Here, we present an effective semi-parametric generalized linear model, together with a computationally efficient parameter estimation method and software implementation of PEA, for identifying potential GPIs of RNA-seq data in binary phenotypes. PEA models the complicated relationship between gene expression and traits using the kernel function. Because the kernel machine can be adaptive for both linear and nonlinear interactions, PEA controls type I error rates in the presence of individual relatedness, and PEA achieves higher power than the traditional method, LRT, across a range of settings. In addition, PEA is available to other interactions of different molecules, such as methylation and gene expression interactions, and biological or technical covariates interactions. We have demonstrated the benefits of PEA using both simulations and applications to recently published RNA-seq datasets.

While PEA is an extension of the GKM, we note that PEA exploits the GPIs in binary phenotypes and estimates the parameters using the damping Newton-Raphson algorithm. As most of medical studies are case-control design, PEA identifies the GPIs for the binary traits. For example, samples are collected from tumor tissue and normal tissue, along with some covariates, such as age, gender and so on. Two Newton-Raphson iterations accurately estimate the coefficients of covariates (Fig. 5). GKM estimates τ by the optimx function in R using the Nelder-Mead method, which is not suitable for PEA.

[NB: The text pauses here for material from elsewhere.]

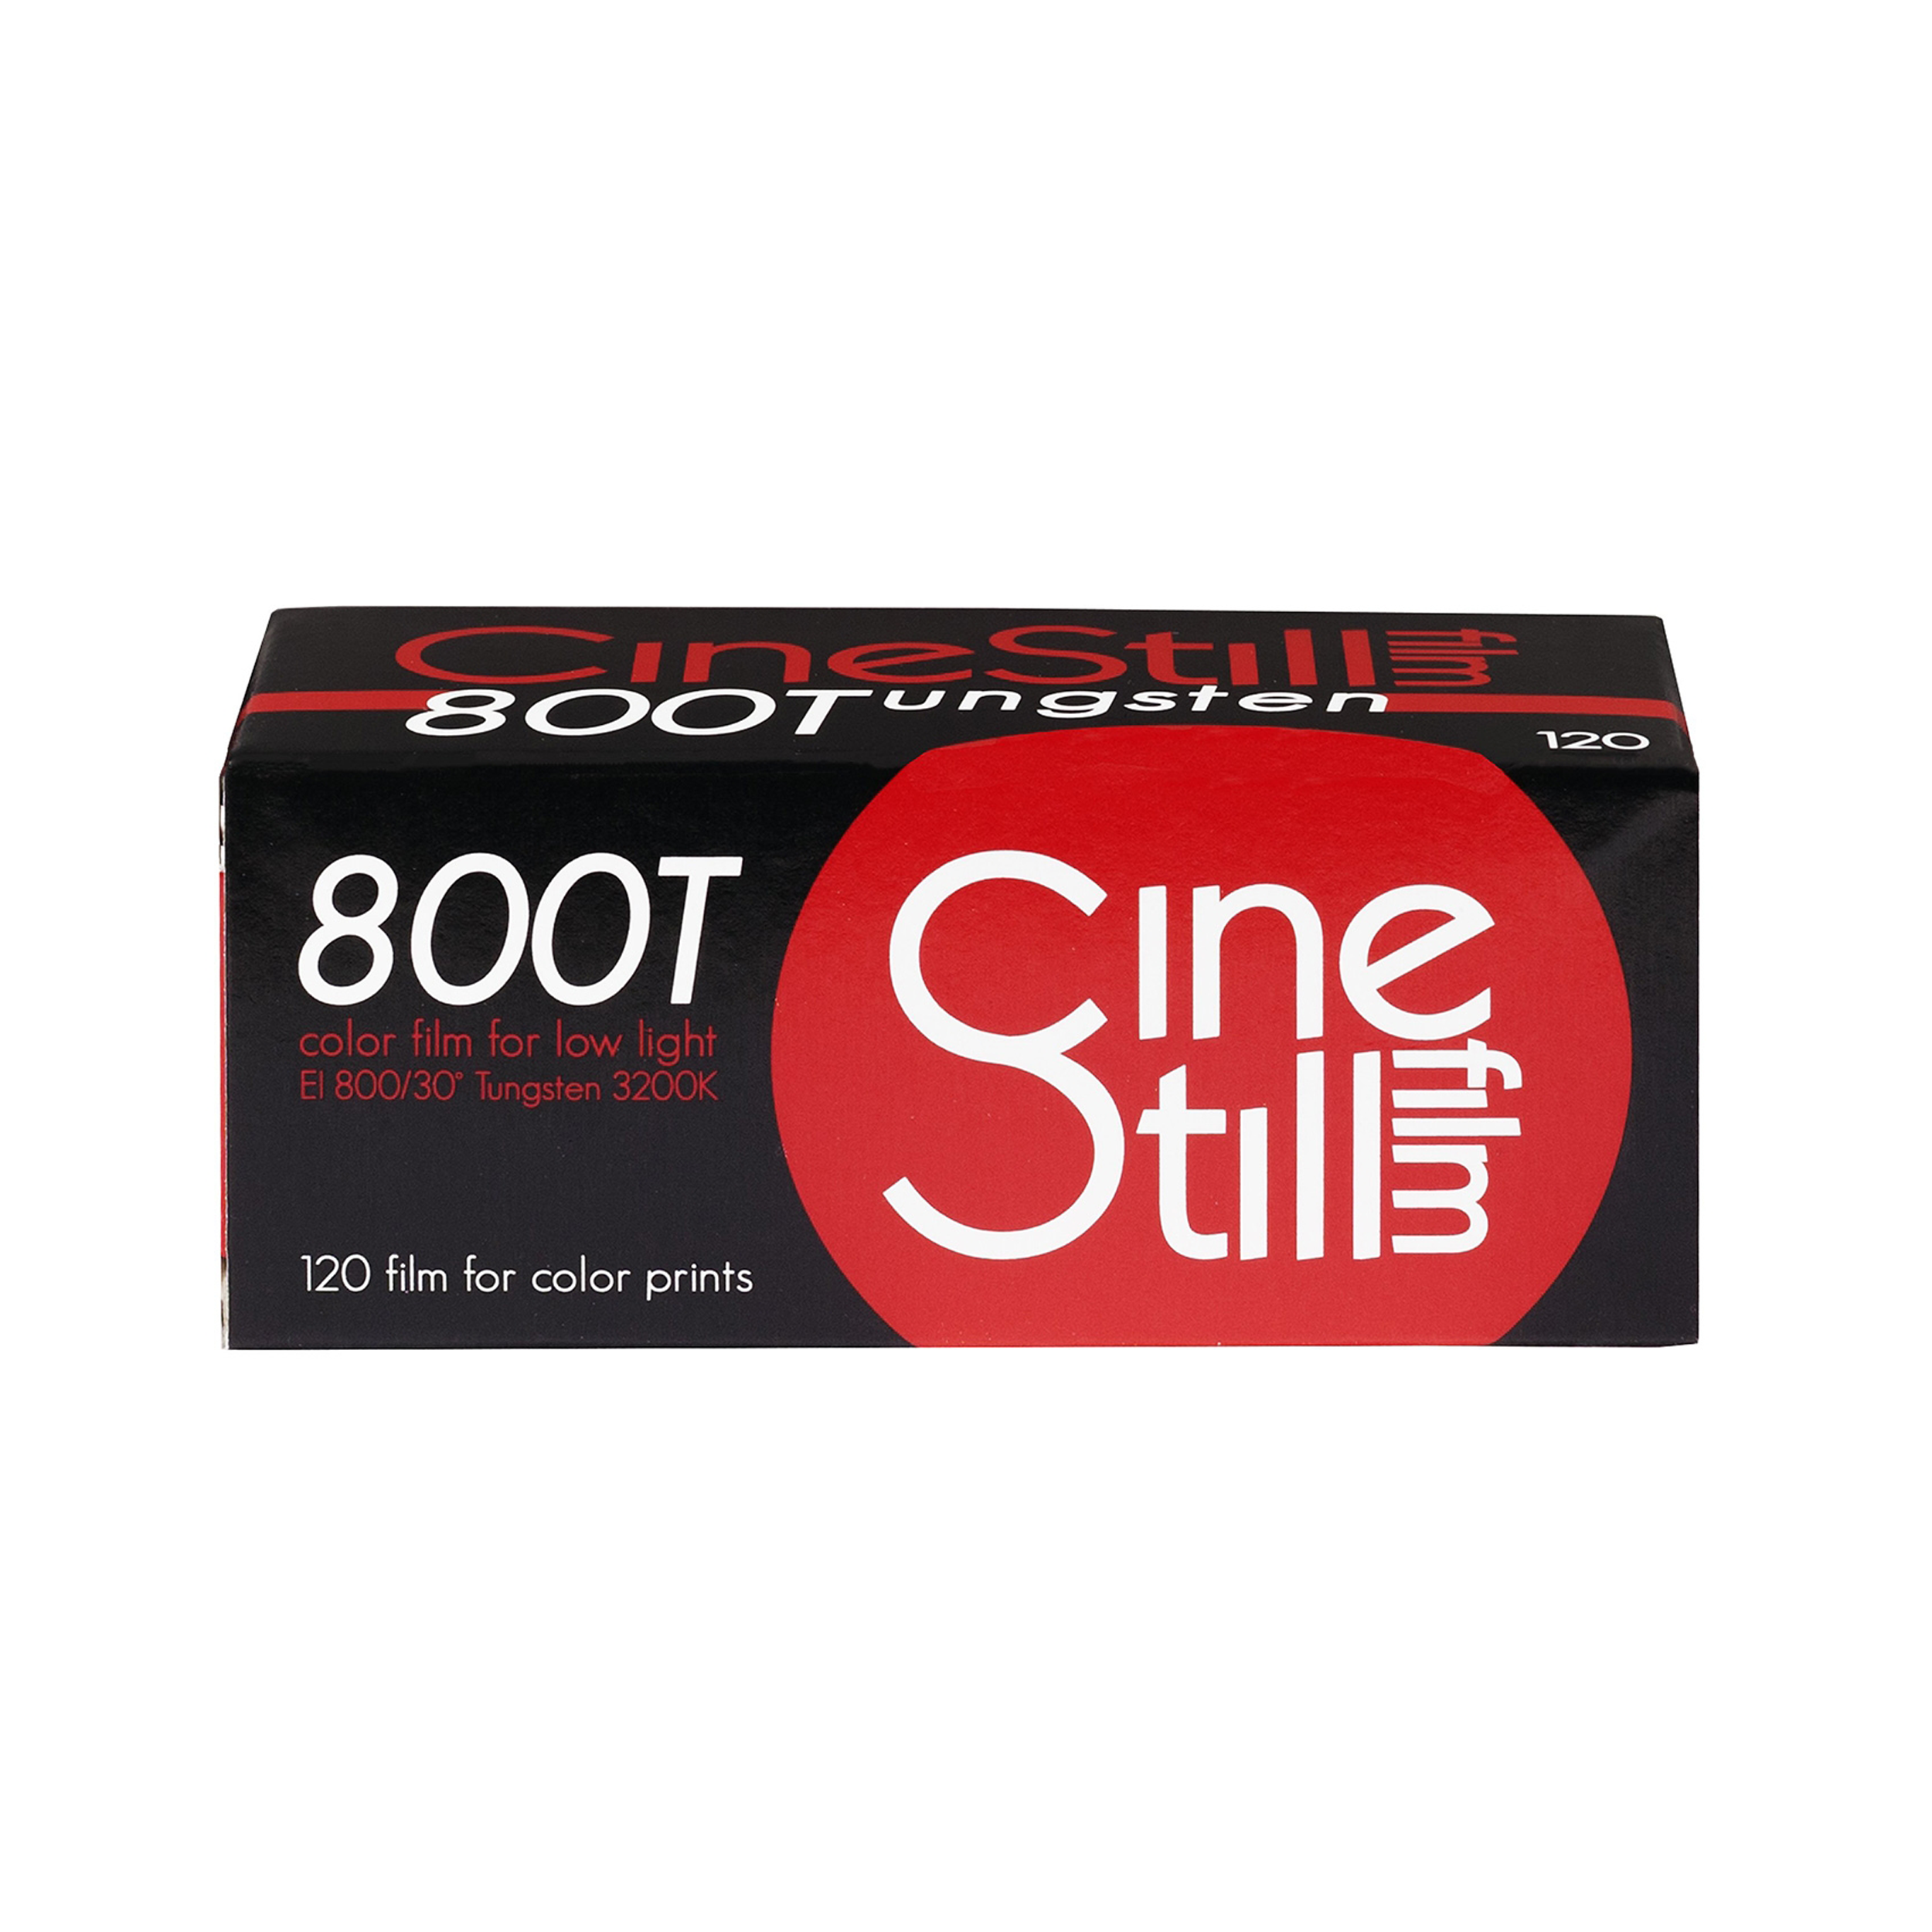 CineStill 800tungsten High Speed Color Negative Film, Iso 800 120 Roll

In the real data analysis, the result of PEA can support the assumption of omnigenic model. Although PEA goes beyond the scope of enrichment analysis, efficient enrichment analysis methods, such as MinePath, can essentially provide the robust and reliable pathways before conducting PEA. PEA identify not only some significant GPIs, but also the external genes for different pathways. Some significant genes are verified by multiple biological studies. For example, using the data from The Cancer Genome Atlas (TCGA), TUBB expression level influences the survival time of renal and liver cancer [37]. Kelly et al. demonstrate that the mutation of TUBB possibly cause the tumor cell growth and taxane resistance for the patients with NSCLC [38]. From the result of PEA, TUBB might be an important external gene, which associates cancers by the interactions with amount significant pathways.

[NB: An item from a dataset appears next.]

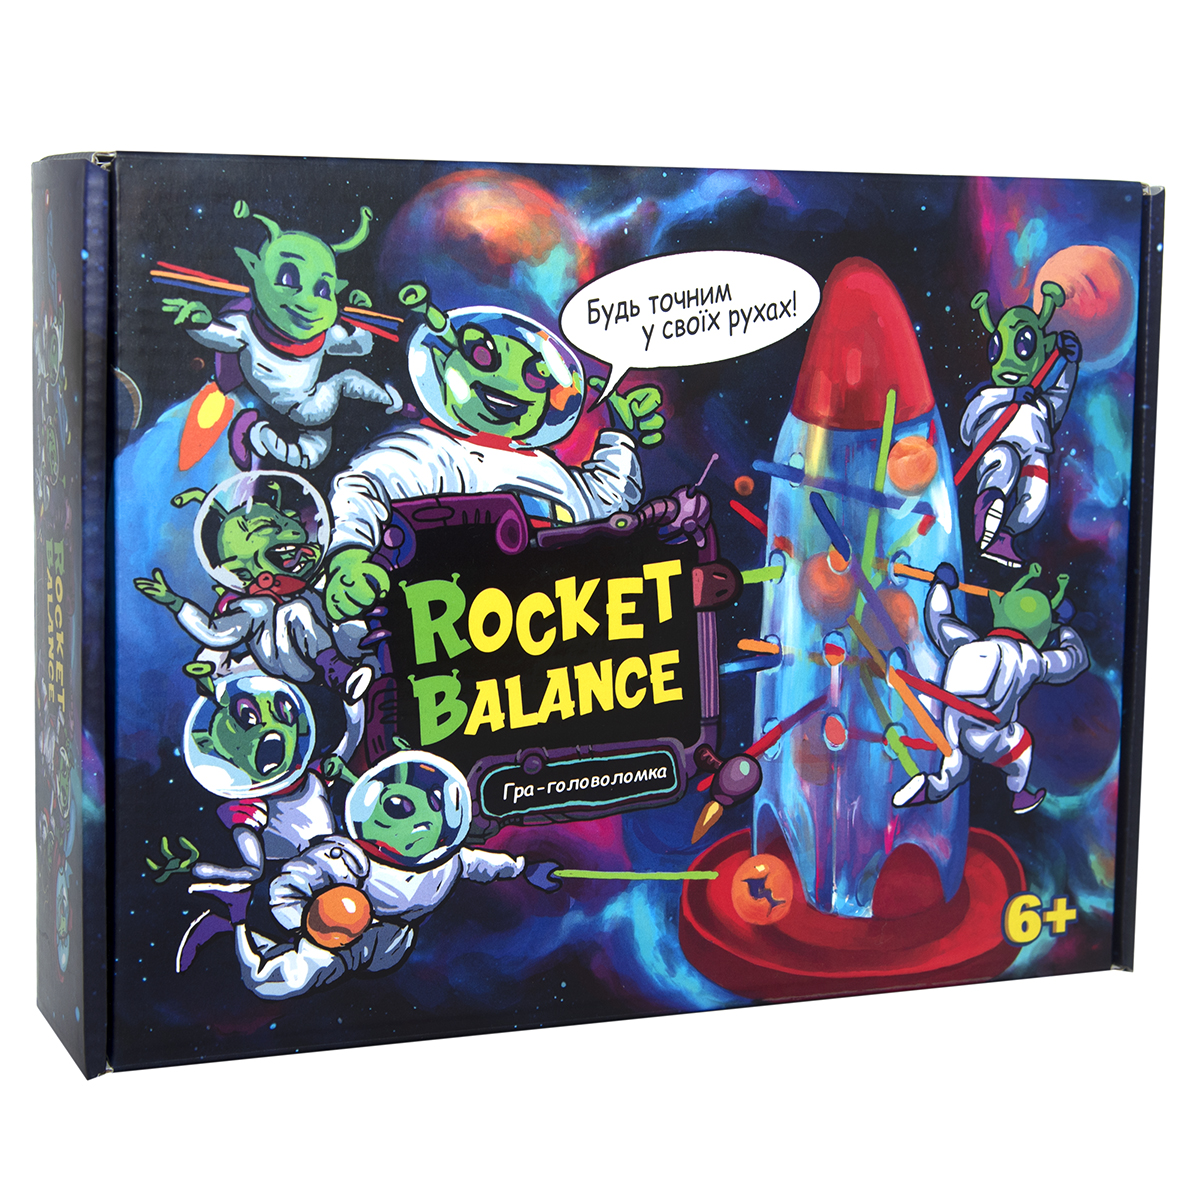 Board game Rocket Balance (30407)

Currently, despite the newly developed computationally efficient statistical testing method, applications of PEA can still be limited by its relatively heavy computational cost of permutations. Traditional permutation tests increase the computation consumption with the shuffling times, but the permutations of PEA are faster than the standard permutation test because of no parameter re-estimation in each shuffling. PEA can still take close to 7 h with 5 CPUs to analyze a dataset of the size of the GSE68086 which we considered here (274 individuals ~ 2500 genes for one pathway). Therefore, PEA will be used to analyze other datasets that have large sizes.

Conclusions

PEA is an efficient and powerful statistical method for identifying the GPIs from RNA-seq data. It can be further extended to identify the interactions between one variable and one functional set of other omics data for binary phenotypes. Further work is needed to make its widely use in more high-dimensional genomics data analysis practice.